5 - 5 - (Ein Durchgang wird jeweils 18 Monate dauern. Über einen Zeitraum von fünf Jahren wollen wir jeweils zwei Durchgänge starten. Wenn der Landtag diese Gesetzesänderung billigt, kann die Maßnahme 2013 beginnen.) Für die Schülerinnen und Schüler mit sonderpädagogischem Unterstützungsbedarf in den Förderschwerpunkten geistige Entwicklung, körperliche und motorische Entwicklung, Hören und Kommunikation und Sehen wird es künftig weiterhin eine individuelle Feststellung eines entsprechenden sonderpädagogischen Unterstützungsbedarfes geben, mit der unmittelbar eine zusätzliche Personalausstattung (Lehrerstellenanteile) verbunden ist. Für die große Gruppe der Schülerinnen und Schüler in den Förderschwerpunkten Lernen, emotionale und soziale Entwicklung sowie Sprache (ca. 70 Prozent) soll es ein regionales Stellenbudget geben. Anrede, wir haben noch einen langen Weg vor uns. Ich bin optimistisch, dass wir das Menschenrecht auf gesellschaftliche Teilhabe gemeinsam umsetzen werden. Ich halte viel vom Prinzip Praxis stärkt und ermutigt Praxis.
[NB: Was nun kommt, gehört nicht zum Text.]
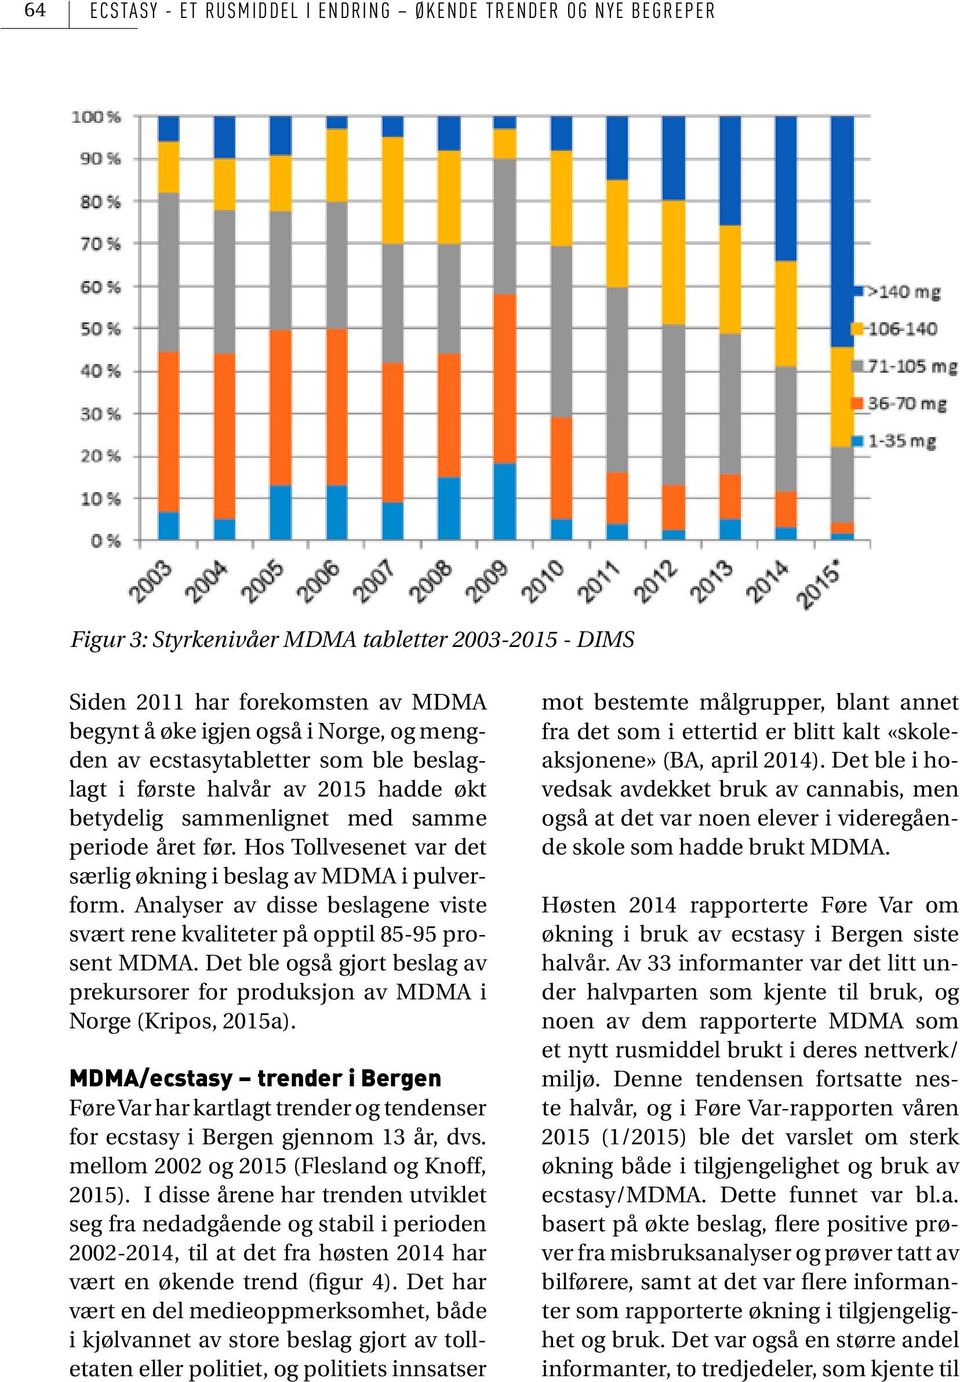 Analyser av disse beslagene viste svært rene kvaliteter på opptil 85-95 prosent MDMA. Det ble også gjort beslag av prekursorer for produksjon av MDMA i Norge (Kripos, 2015a).

Und wer einmal Inklusion erfahren und gelebt hat, der ist überzeugt, dass von einem inklusiven Schulalltag alle Kinder und Jugendlichen profitieren. Allerdings muss uns allen klar sein: Die Umsetzung der UN-Behindertenkonvention ist eine Generationenaufgabe. Wir in NRW gehen sie zielgerichtet, planvoll und in Schritten an.